Both `compress` and `decompress` release the GIL while libzpaq runs, so this plays well with threaded workloads.

CLI interoperability
---

`zpaq.compress()` emits the same on-disk format `libzpaq` itself writes, and `zpaq.decompress()` understands archives produced by `zpaq a` (filters out the JIDAC index/hash/info segments, follows the file's fragment-ID list, etc.). Tested on ten varied real files (1 KB to 25 MB, text/image/csv/jar/png/jpg/svg/exe/binary, levels 1-5):

| Direction | Result |
| --- | --- |
| `zpaq.compress` → `zpaq.decompress` | 10 / 10 byte-exact |
| `zpaq.compress` → `zpaq x` (official CLI) | 10 / 10 byte-exact |
| `zpaq a` (official CLI) → `zpaq.decompress` | 10 / 10 byte-exact |

```py
import zpaq

# Pipe to the official CLI
with open("out.zpaq", "wb") as f:
    f.write(zpaq.compress(my_bytes, level=5))
# ... later, from any machine with the zpaq executable installed:
#   $ zpaq x out.zpaq

# Read an archive someone else produced with `zpaq a`
with open("their.zpaq", "rb") as f:
    file_bytes = zpaq.decompress(f.read())
```

For multi-file `zpaq a` archives, `zpaq.decompress` currently returns the concatenated bytes of every file in storage order.

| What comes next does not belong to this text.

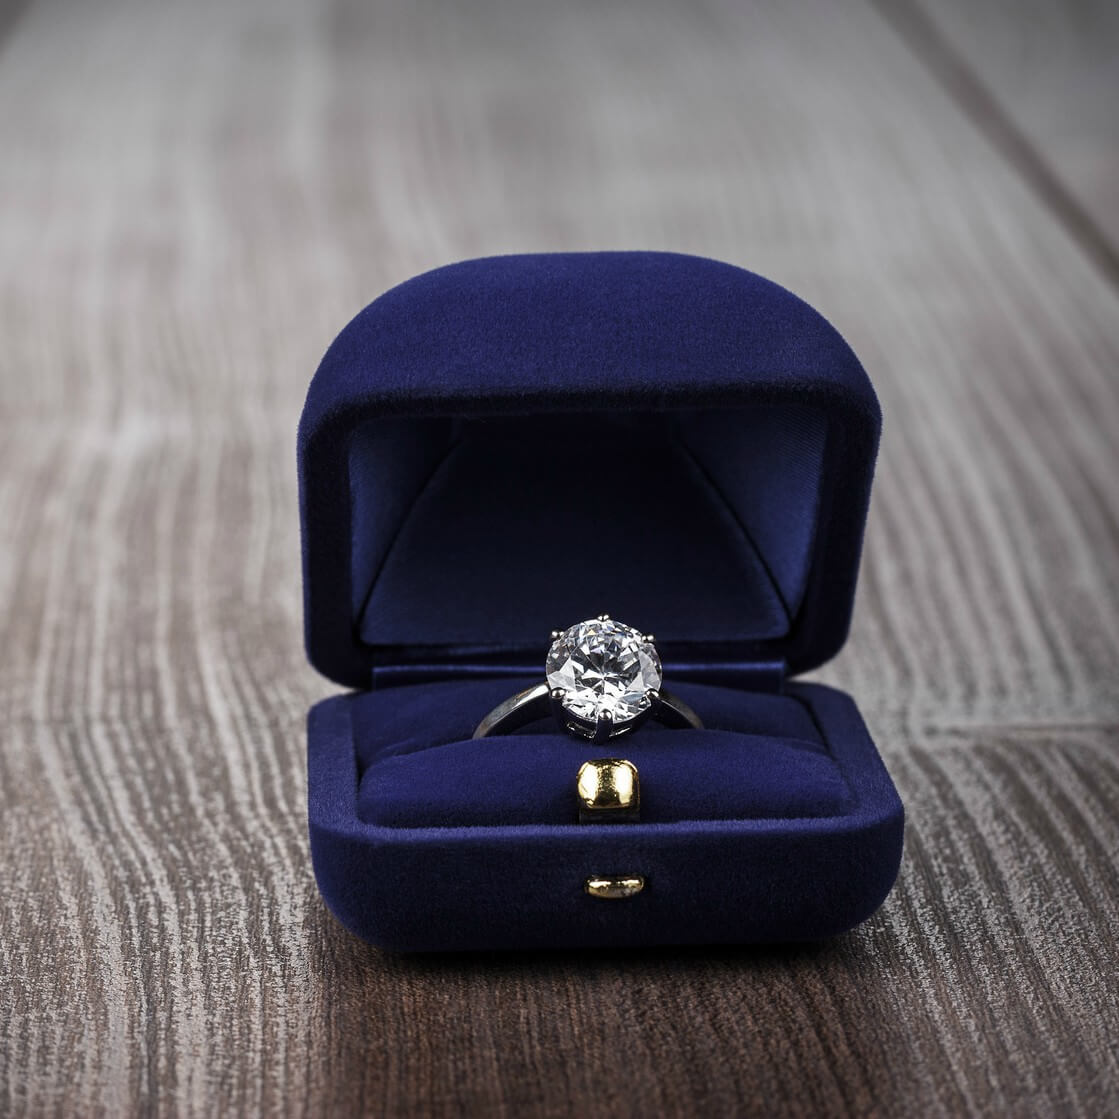 Shopping for Engagement Rings in Dallas, TX (With Insider's Tips)

A per-segment iterator API for addressing files by name is on the v0.3 list.

Future work
---

Plenty of levers I haven't pulled yet, PRs welcome:

- **PGO** (profile-guided optimization). Adding `/GENPROFILE` + `/USEPROFILE` to the MSVC build (and the gcc/clang equivalent) usually adds another 5-15%. Skipped here because cibuildwheel doesn't expose a clean two-stage build hook yet.
- **AVX2 in the JIT predictor.** AVX2 is on at the C++ compile-flag level. The JIT-emitted predictor already uses SSE2 SIMD (`pmaddwd` / `paddd` for the MIX dot-product, lines 4126-4170 in vendored libzpaq.cpp). Upgrading the JIT codegen to AVX2 256-bit ymm registers would handle 16 mixer inputs per iteration instead of 8, but real gain depends heavily on the per-method MIX `m` parameter, and the work is byte-level instruction re-encoding which is fragile. Skipped for now.
- **Parallel JIDAC encode.** `dedup=True` is currently single-threaded; splitting the fragment-build pass across cores would speed up large dedup compresses.
- **Per-segment archive API.** As mentioned above, let callers address individual files inside multi-file `zpaq a` archives by name.

License
---

Released under the same terms as the underlying `libzpaq` sources: public domain. See `src/zpaq/vendor/COPYING`.

The vendored libsais suffix-array library is Apache 2.0 (Ilya Grebnov). See `src/zpaq/vendor/LICENSE-libsais`.

---

Not affiliated with Matt Mahoney. `libzpaq` was released into the public domain by its original author; this Python package wraps those sources and is an independent community project.